Find Maximum Stock Profit
Problem
You have been given a list of stock prices of the day for Company X. The index represent the timestamp. The element at index 0 is the initial price of the stock, the element at index 1 is the next recorded price of the stock of that day, etc.
How can you find the maximum profit possible from the purchase and sale of a single share of Company X stock on that day?
For example, if you were given the list of stock prices:
stock_prices = [9, 8, 12, 2, 3, 17]
Then, you would find 15 as the maximum profit (buying at 2 and selling at 17).
Solution
One thing to think about is that we can’t just find the maximum price and lowest price and then substract the two, because the max could come before the min.
A brute force method would be to try every possible combinations, but the time complexity would be O(n^2).
A better solution will be using a greedy algorithm approach. We will iterate through the list of stock prices while keeping track of our maximum profit.
In other words, for every price we will track of the lowest price so far and then check if we can get a better profit than our current max.

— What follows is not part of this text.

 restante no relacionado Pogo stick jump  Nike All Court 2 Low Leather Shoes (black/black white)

def find_max_profit(stocks_prices):
# Check length
if len(stocks_prices) < 2:
raise Exception('Need at least two stock prices!')
# Default min stock price
min_stock_price = stocks_prices[0]
# Default max profit
max_profit = stocks_prices[1] - stocks_prices[0]
for price in stocks_prices[1:]:
# Get min stock price so far
min_stock_price = min(min_stock_price, price)

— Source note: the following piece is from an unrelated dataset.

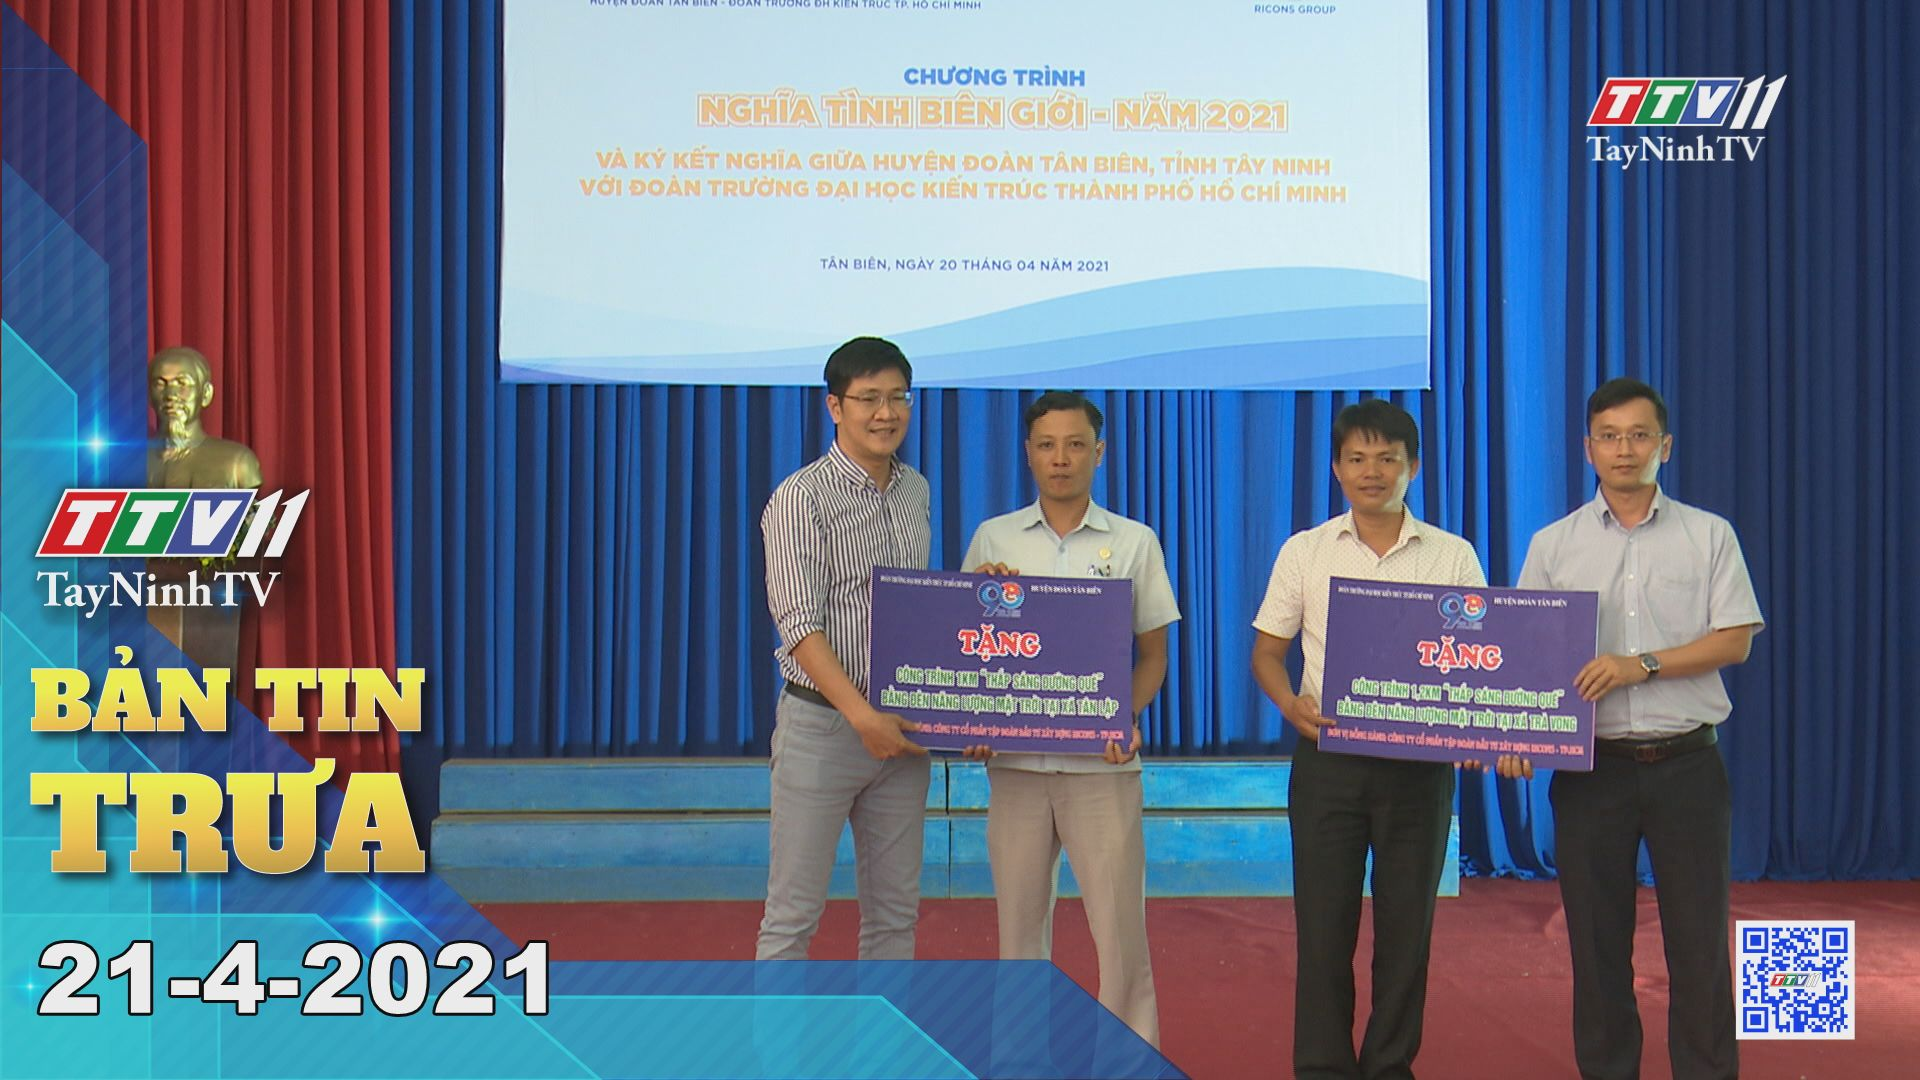 Bản tin trưa 21-4-2021 | Tin tức hôm nay | TayNinhTV

# Check the current price against the min_stock_price for a profit
comparison_profit = price - min_stock_price
# Compare against our max_profit so far
max_profit = max(max_profit, comparison_profit)
return max_profit
We are currently finding the max profit in one pass O(n) and in constant space O(1). However, we forgot to address the scenario where the stock price always go down.
For example, if you were given the list of stock prices:
stock_prices = [100, 80, 60, 40, 20]
The max profit would be 0. It is because the min_stock_price gets updated on every iteration and its value is always the same as the price.
Better Solution
In order to fix this, we can calculate the comparison_profit first, then compare against the max_profit. Calculating the min_stock_price will be performed at the end.
def find_max_profit2(stocks_prices):
# Check length
if len(stocks_prices) < 2:
raise Exception('Need at least two stock prices!')
# Default min stock price
min_stock_price = stocks_prices[0]
# Default max profit
max_profit = stocks_prices[1] - stocks_prices[0]
for price in stocks_prices[1:]:
# Check the current price against the min_stock_price for a profit
comparison_profit = price - min_stock_price
# Compare against our max_profit so far
max_profit = max(max_profit, comparison_profit)
# Get min stock price so far
min_stock_price = min(min_stock_price, price)
return max_profit
Now this piece of code will return a negative profit of -20 for the stock_prices = [100, 80, 60, 40, 20].